Is There An Easy Fix To Corn And Soybean Demand?

If tariffs prove inefficient, a positive EPA result — or even an executive order — will do.

Jerry Gulke.jpg
(Top Producer)

In spite of promises of tariffs improving our agriculture lot in life, details have been scarce in frameworks. The only model we have to gauge future results was signed in President Donald Trump’s first term. In the Phase 1 document, item five of chapter six (page 55) reads:

“The Parties acknowledge that purchases will be made at market prices based on commercial considerations and that market conditions, particularly in the case of agricultural goods, may dictate the timing of purchases within any given year.”

Basically, China said they’d buy our goods if we were competitive, if they needed it and they would not throw their new trading friends (Brazil) under the bus. This made me skeptical then and concerned now. It would have been better to say they “shall” buy a defined amount of bushels per year. In legalese, the word “shall” is binding whereas “may, opportunity, or intent” have no teeth.

  • Tariff Deals. So far, only Vietnam’s framework deal has bushels referenced. India says it needs to protect its own agricultural base. Signed deals need to reference hard numbers (quantity or dollars) rather than vague terms.
  • Value-Added Focus. For years, I have mentioned the pitfalls of relying on one entity (China) to buy significant portions of our production. Finally, it appears we have a value-added focus under the new proposed EPA Renewable Fuel Standard mandate for biomass-based fuels. The mandate, which includes renewable diesel and biodiesel, is 5.61 billion gallons for 2026. That’s compared to the 2025 biomass-based diesel mandate of 3.35 billion gallons. To meet the proposed 2026 biofuel mandate, it would take about 1.38 billion bushels of soybeans, assuming current feedstock proportions remain constant. It is unrealistic to expect that kind of increase in acres, making alternative feedstock imports and biofuels themselves necessary.
  • Import Breakdown. In 2024, the U.S. imported about 441 million gallons of biodiesel from Canada, Germany, Spain and China. It would take about 62 million bushels of soybeans to replace 300,000 tons of tallow from Brazil, 633 million bushels to replace Canada’s 3.3 mmt of canola oil (which produces about 945 million gallons of biodiesel), and 244 million bushels to replace China’s 2.8 billion pounds of used cooking oil.
  • In 2026, the Blenders Tax Credit has been replaced by the Clean Fuel Production Credit (45Z).

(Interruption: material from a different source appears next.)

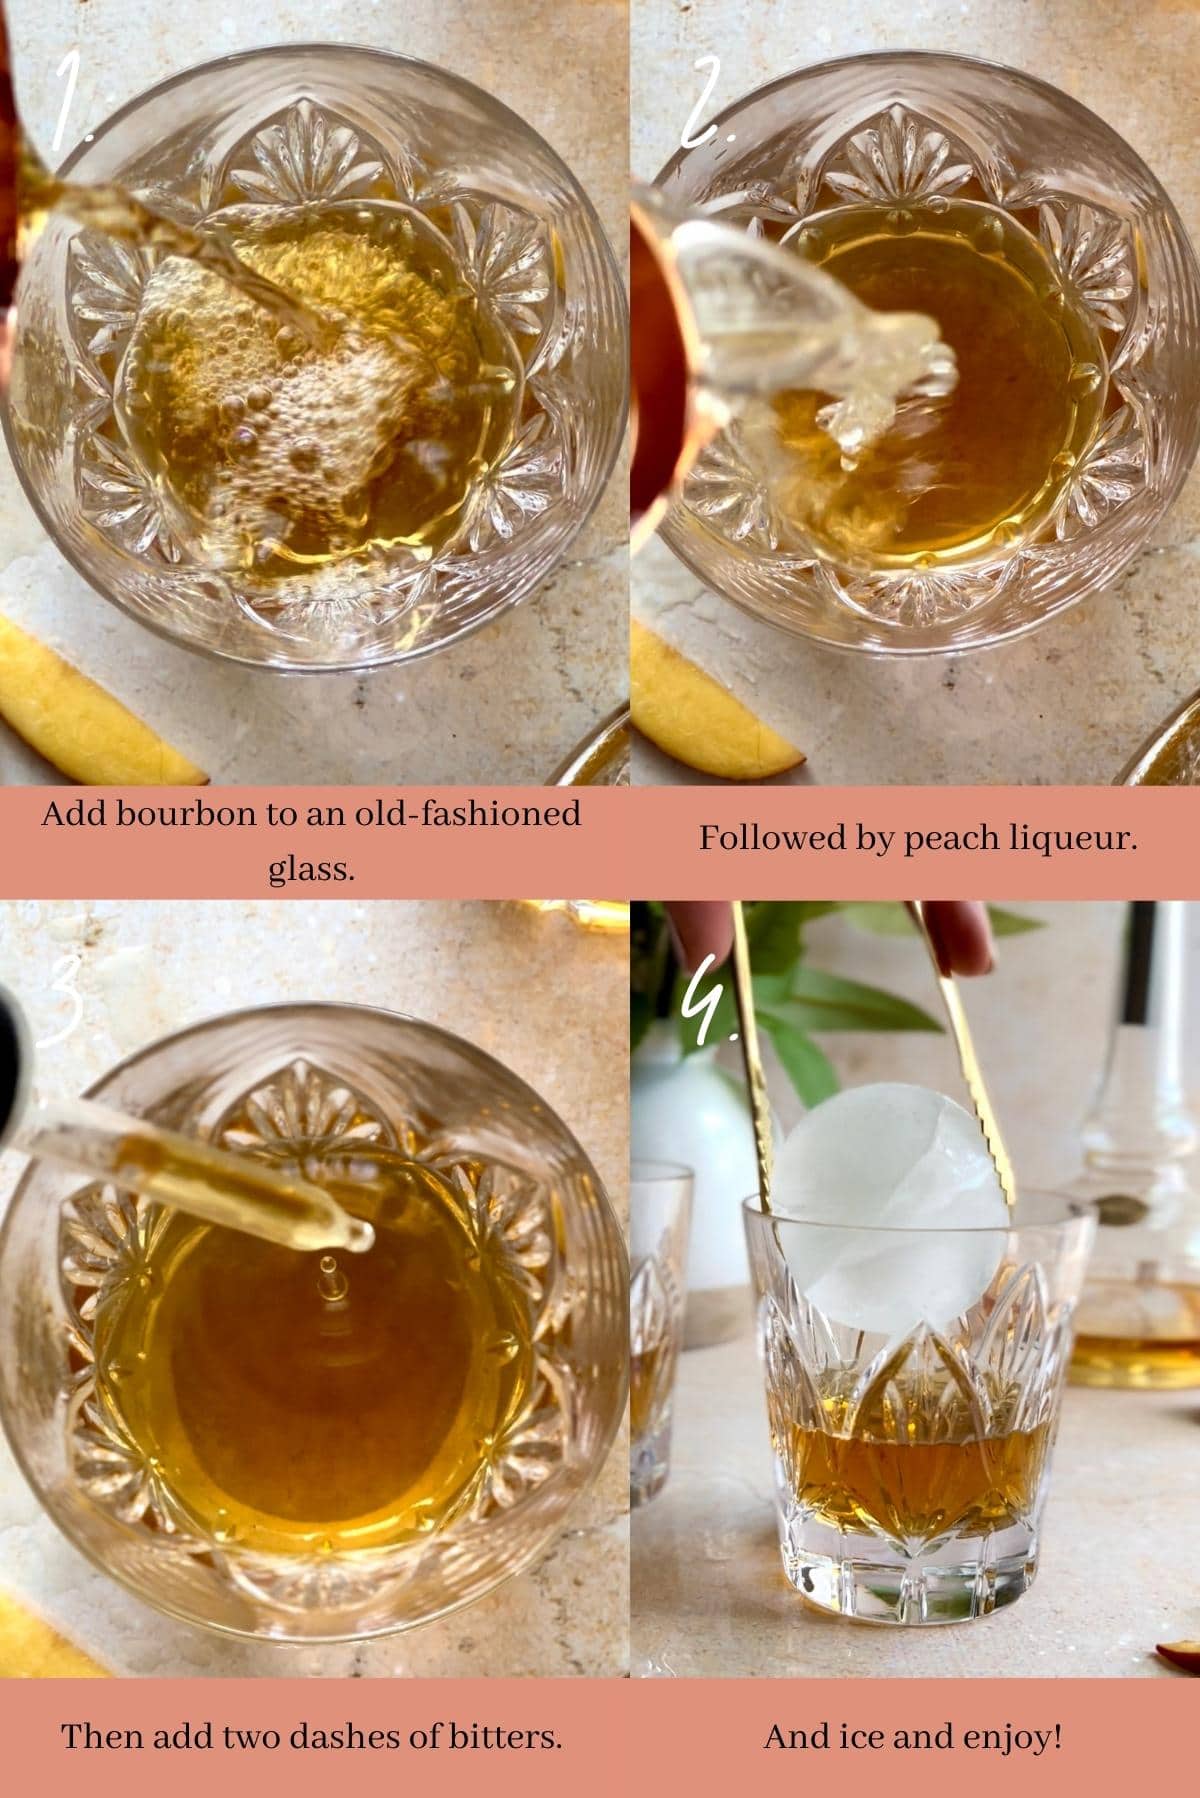 Collage showing how to make a peach old fashioned.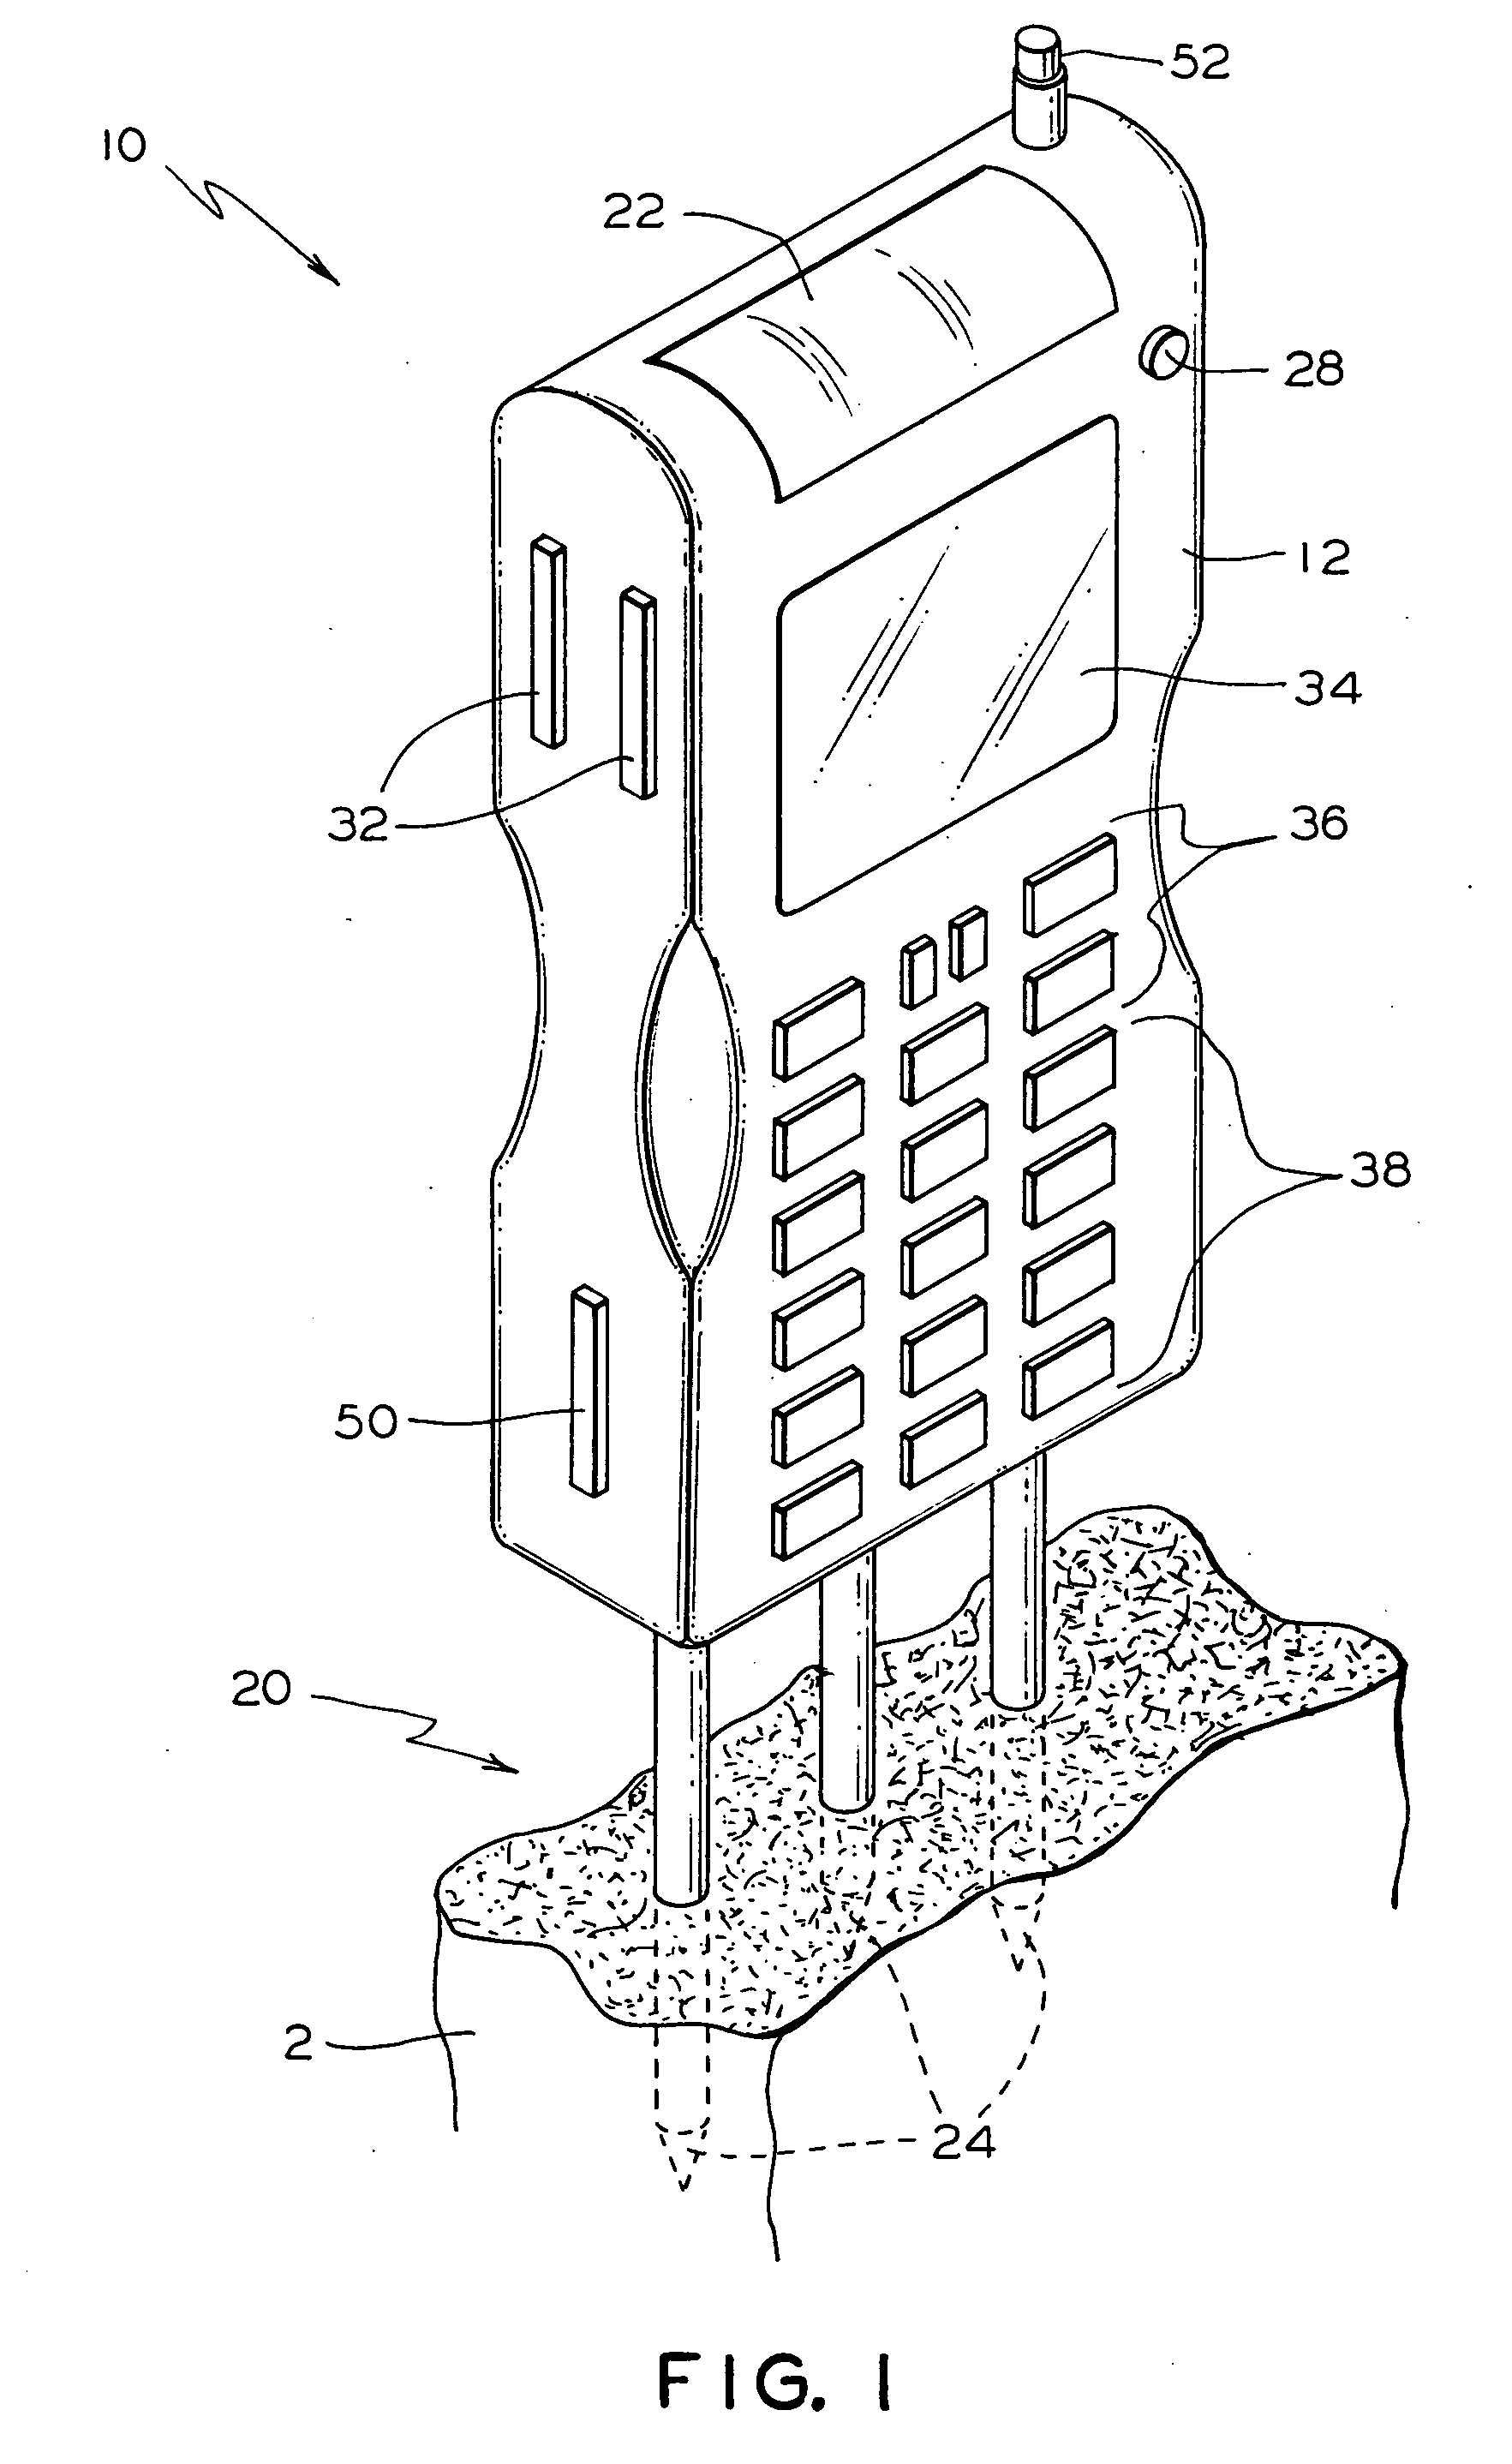 Apparatus and method for selecting and growing living plants

The 45Z credit structure is designed to favor domestic biodiesel production and make it more economically advantageous to use U.S.-sourced feedstocks. Canadian products will be eligible for the 45Z tax credits.

These stats suggest an easy fix to the oversupply of soybeans and corn. If tariffs prove inefficient, a positive EPA result — or even an executive order — will do. The final version of the EPA proposal is up for vote in November after the U.S. soybean harvest. Trump should know time is of the essence.

Any Good News?
The June 30 stocks report revealed the huge increase in on-farm relative to off-farm stocks we saw last year did not repeat. Producers took advantage of old crop premiums and sold in earnest. This suggests the capitulation we saw Aug 30, 2024 might not occur this year. A crop yield of 184 corn and 53.5 soybeans might be what price action is telling us, however. The market, through low prices, could force political action to stop the bleeding. That is what managing risk is all about.

December Corn Futures’ Demise.jpg
(Chart Source: CME/Gulke Group)

Price Speaks Volumes
The continuous weekly price chart for corn using September as the lead contract reveals while the media concentrated on not only the two important points I mentioned, but on likely hundreds more fundamentals on a weekly basis to analyze market outlook, ultimate price discovery told a different picture.

  • Post-Sept. 2024 rally ended Feb. 21. Corn, wheat and soybeans have trended down since.
  • Meteorologists blame new corn lows on favorable global weather.
  • Markets ignored weather and tariff talk, as no positive signals emerge.
  • The large speculator shows long positions maxed out near Feb. 21 and was net short April 16, increasing their short position thereafter for a $1-per-bushel gain.
  • Biomass feedstocks are trending up. December corn’s reversal higher is holding. The six-month price discovery may have got prices low enough.